Print again, word for word, all of the records below, and leave the pictures out.

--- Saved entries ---
----------

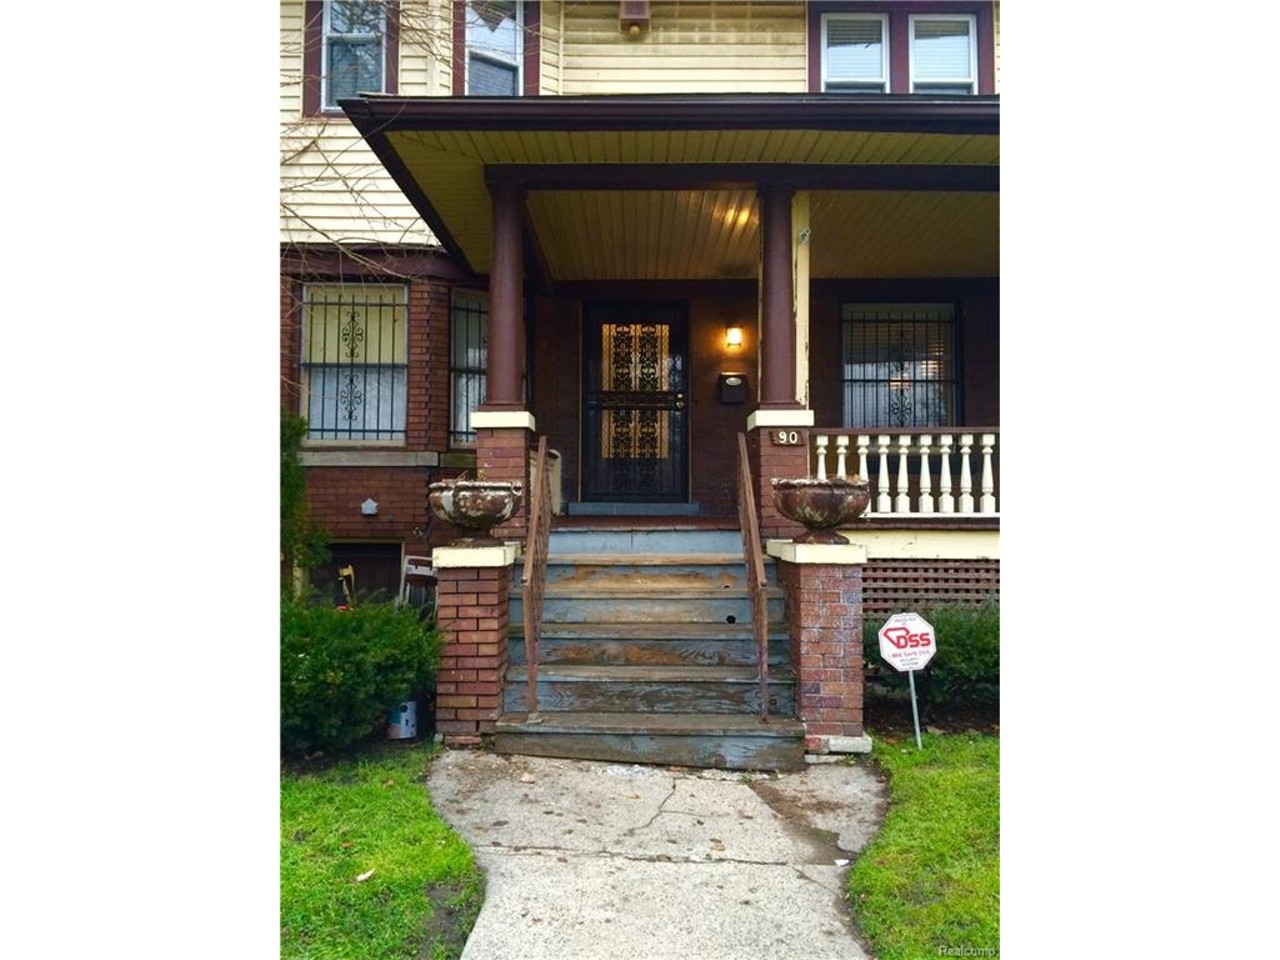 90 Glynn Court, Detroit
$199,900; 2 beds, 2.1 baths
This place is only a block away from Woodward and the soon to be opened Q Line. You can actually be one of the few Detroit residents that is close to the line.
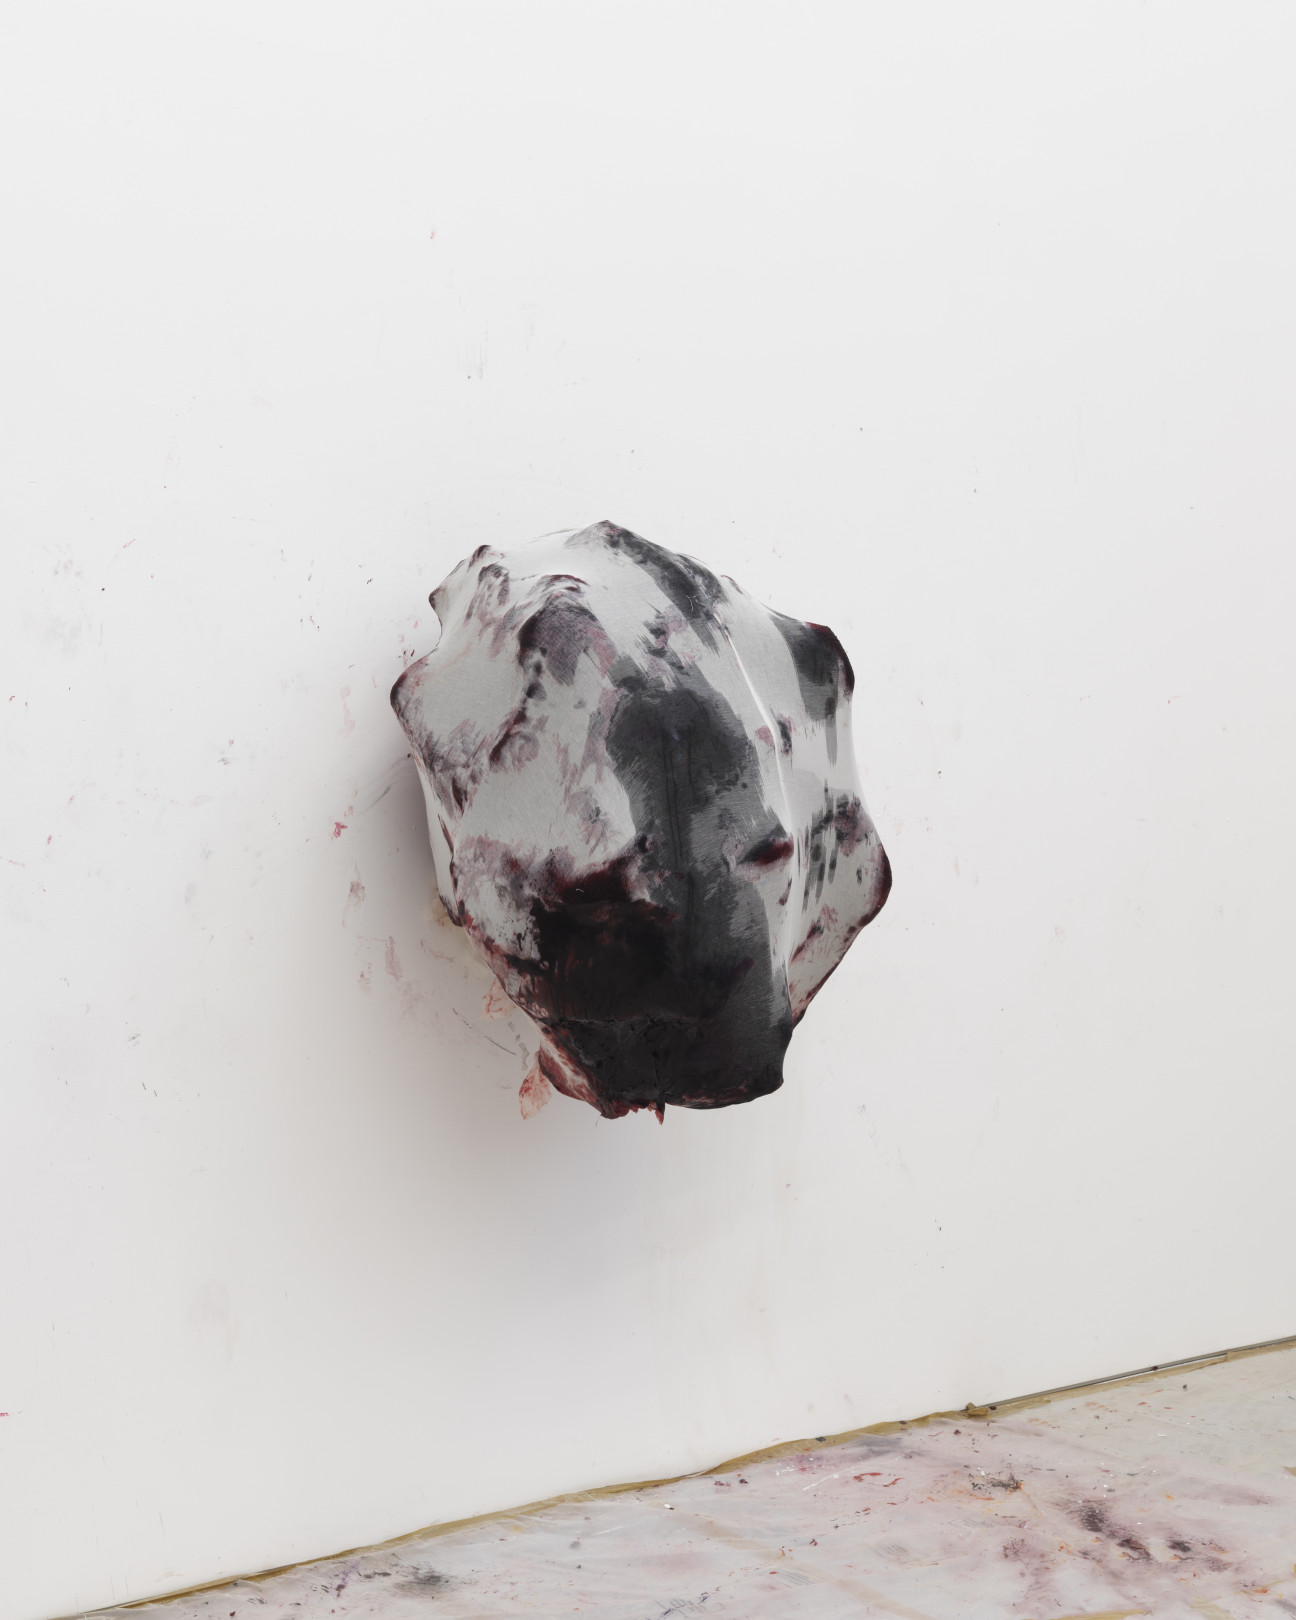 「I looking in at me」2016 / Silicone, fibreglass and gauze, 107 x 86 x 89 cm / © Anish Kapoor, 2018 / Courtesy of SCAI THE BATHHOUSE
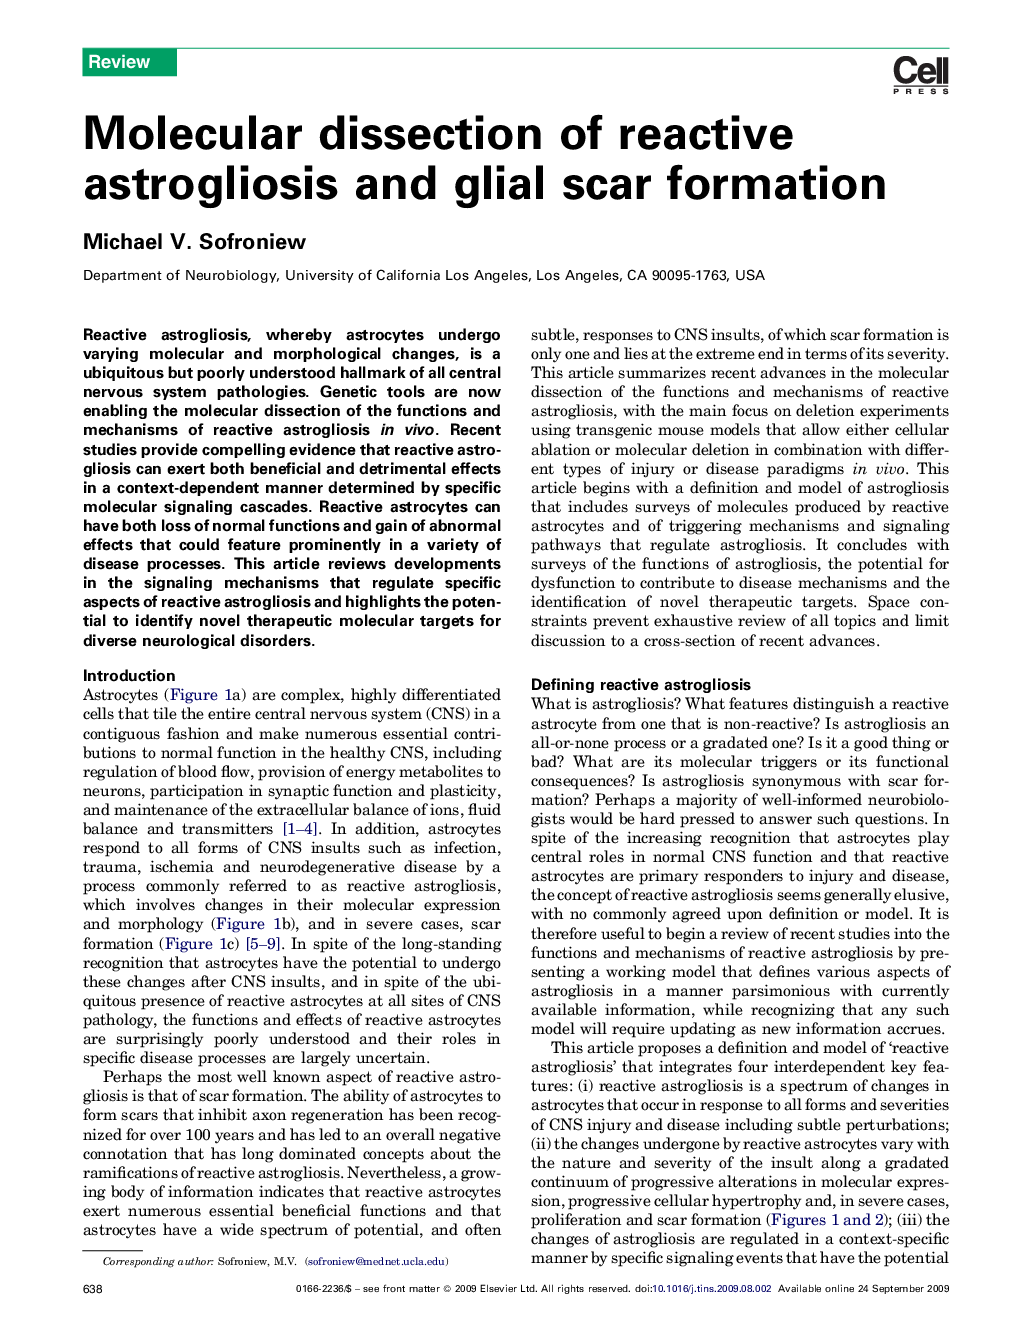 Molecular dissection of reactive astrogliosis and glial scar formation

----------

--- Problem solution ---
 90 Glynn Court, Detroit
$199,900; 2 beds, 2.1 baths
This place is only a block away from Woodward and the soon to be opened Q Line. You can actually be one of the few Detroit residents that is close to the line.
 「I looking in at me」2016 / Silicone, fibreglass and gauze, 107 x 86 x 89 cm / © Anish Kapoor, 2018 / Courtesy of SCAI THE BATHHOUSE
 Molecular dissection of reactive astrogliosis and glial scar formation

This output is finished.